胤禛明知道她是回家张口要钱,但听着这样一说,自己反倒不好驳了。苏凉见他踌躇,便贴过来柔情蜜意道:“我的爷,你如今是亲王,多少人想巴结都巴结不上,几万两银子又算什么?”胤禛向来律己甚严,听她这样说,只苦笑不说话,自从升了亲王,想走他门路的人不是没有,只是自己不爱招揽罢了。苏凉知道他的脾性,一面上前为他宽衣一面笑道:“一个好汉三个帮,旁人家的倒也罢了,我们的钱又不烫手,随你使唤多少都有,你怕什么?”胤禛任她服侍,叹气道:“是了,你们家倒也罢了……今儿太子说那话,我心里听着也苦……”他自成年以来就跟着太子办差,与这个二哥也很有些感情,只是渐渐长大了,大家分门别户的,心思也就慢慢多了。

苏凉换了新裁的芙蓉暖衫,熏得香香的,然后拉着他一同躺下,方道:“他是皇阿玛的心头宝,凡事都有老爷子给担着,瞧瞧,连欠的账都是咱们还的,这等有福气,别为他操心了……我明儿一早就让高福儿去李府报个信,咱们赶着晌午再过去,也好给家里留点准备的时候儿。”胤禛见她想的周到,默默点头不语。苏凉瞧他困倦,便不再说话,她成日在家照顾孩子,两个小祖宗一天到晚也磨人得很,身上早乏了,没一会儿就阖眼睡着了。胤禛心里有事,听着她浅浅的呼吸声,越发辗转起来。下午刚送走太子,他又被康熙召进宫去了。

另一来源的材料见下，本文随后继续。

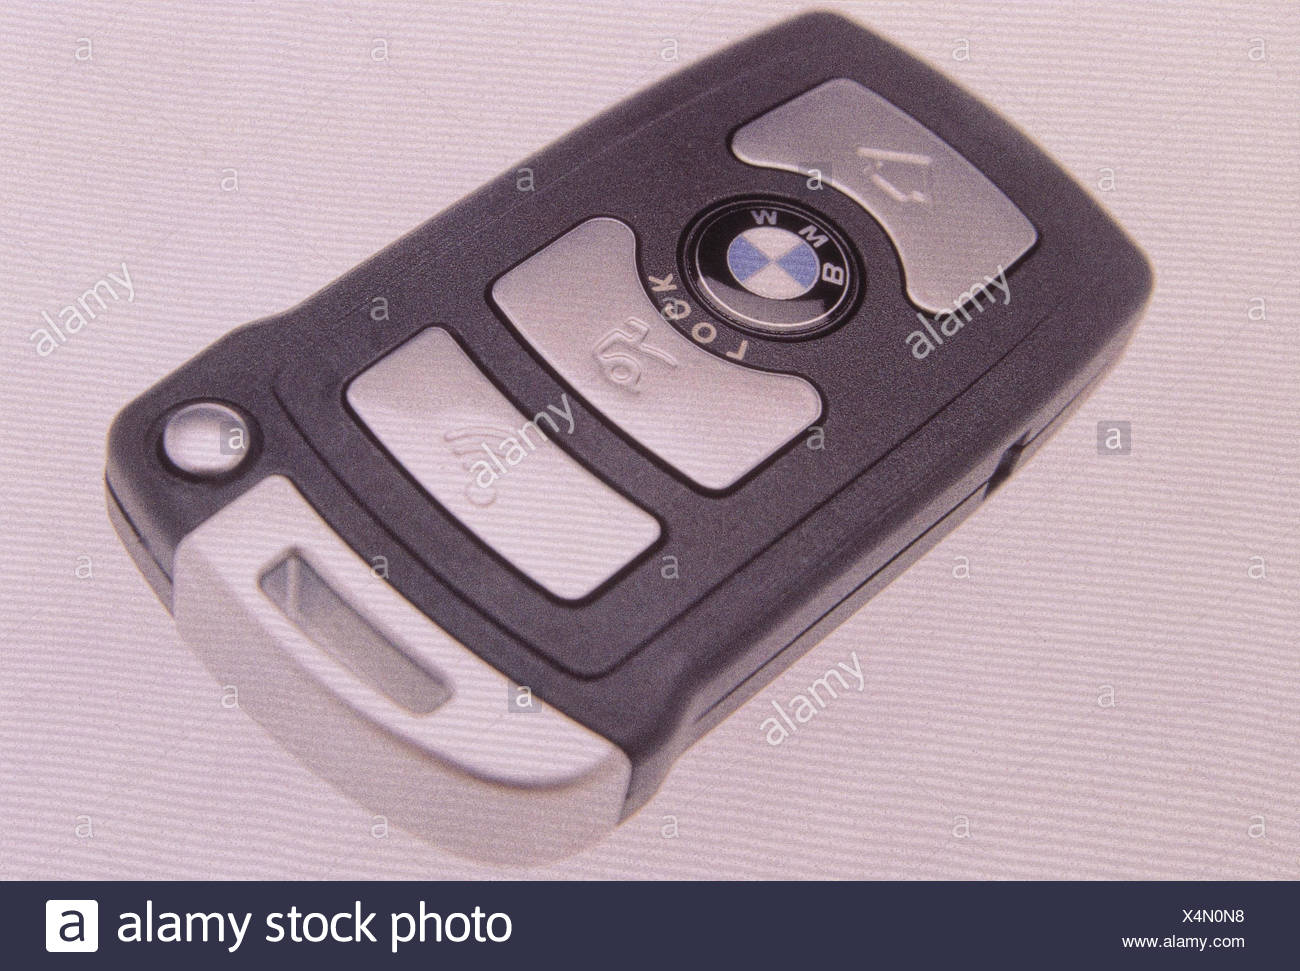 Car keys, BMW 7er Series, Remote control, Car, Vehicle

康熙喊胤禛进宫,是因为又到了选秀的时候,该给儿子们分女人了。在惠妃的恳求下,康熙不顾胤褆的强烈反对,直接赐了两个侧福晋和两个格格,太子那头照例给了两个庶妃,老三、老五、老七因为侧福晋规制已满,各给了两个格格,老八该娶嫡福晋了,此是大事要做细细商量,于是放到一边再议。老九先给一个侧福晋。老十和十二都给了两个格格。其他人都分配妥了,胤禛这里却是有点麻烦。那个李氏总算出了月子,太后也不好再挡,但是原本给他定的侧福晋年家闺女已经嫁了人,其他的人一时也不好判定。胤禛现在不但是嫡子也是亲王,按制该有四名侧福晋,因为他身份贵重,所以人选也要多斟酌。叫了胤禛过来,康熙主要是想问问他自己有没有什么中意的人选,省的到时候看兄弟们眼热,背后抱怨老子偏心。

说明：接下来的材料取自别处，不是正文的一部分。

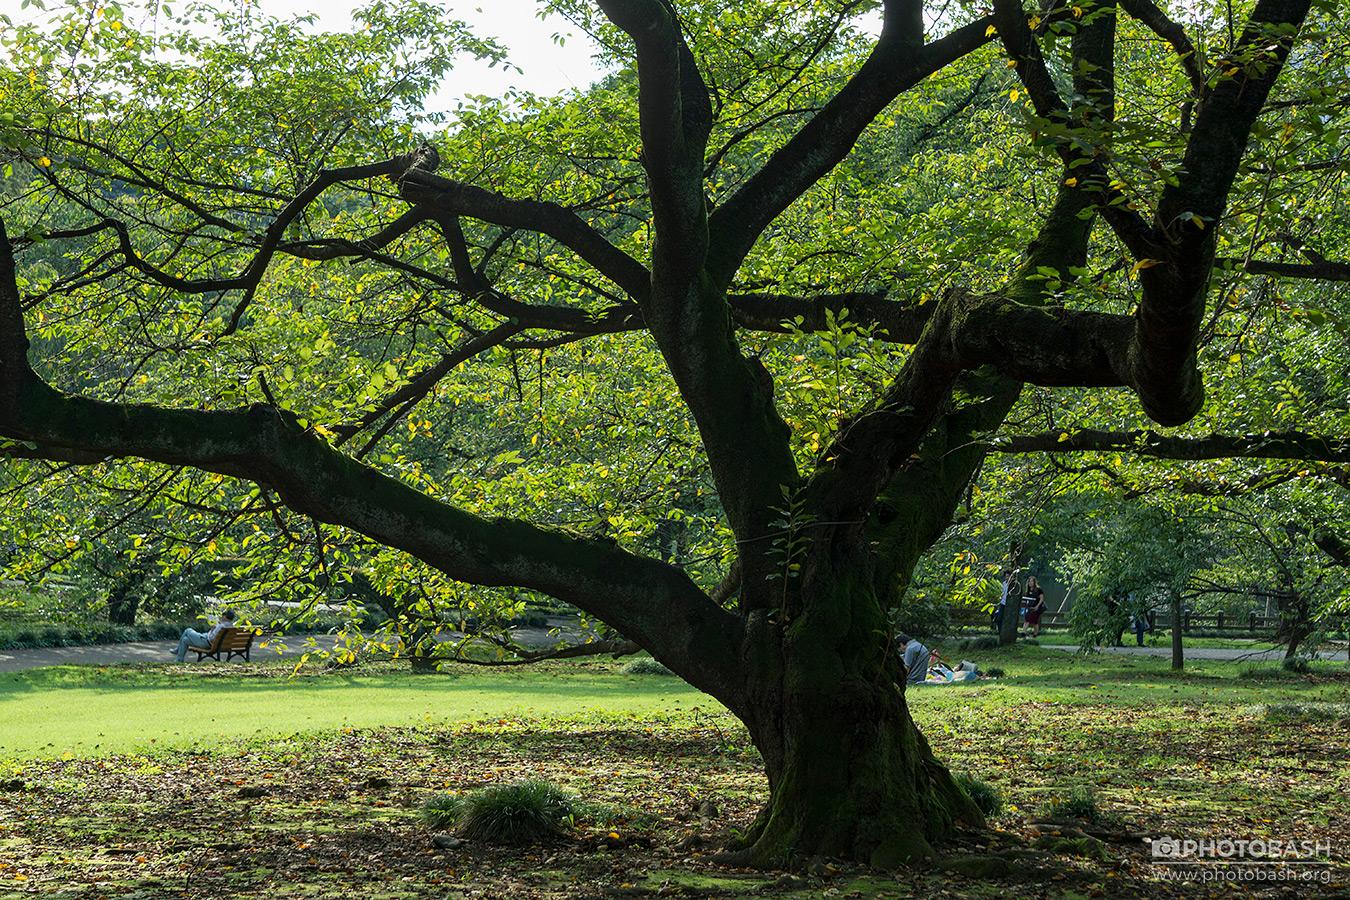 Parks-Gardens-Tree-Trunk-Silhouette.jpg

胤禛听了这话,呆滞脸回答:“儿臣任凭皇阿玛做主。”康熙知道老四向来不怎么热衷男女私情,要不比照他这样的岁数,像老三那样的,嫡福晋不是个省油的,还能把小妾塞满一后院,儿子闺女一箩筐。虽然好色伤身,但是年轻人这样清心寡欲也不好,康熙听了他的话,知道也没什么反对的意思,决定自己再熬点心力给他选个能拿出手的侧福晋。

正要打发儿子回去等消息,胤禛又道:“儿臣还有一言,恳请皇阿玛恩准。”康熙以为是讲究小妾颜色等,便道:“你说吧。”胤禛跪下来:“儿臣恳请皇阿玛不要钦赐侧福晋入府……”钦赐侧福晋的身份不同旁人,一进府来就是嫡福晋之下,万人之上。康熙听了,顿时明白儿子的意思,这是不想让人压着李氏啊。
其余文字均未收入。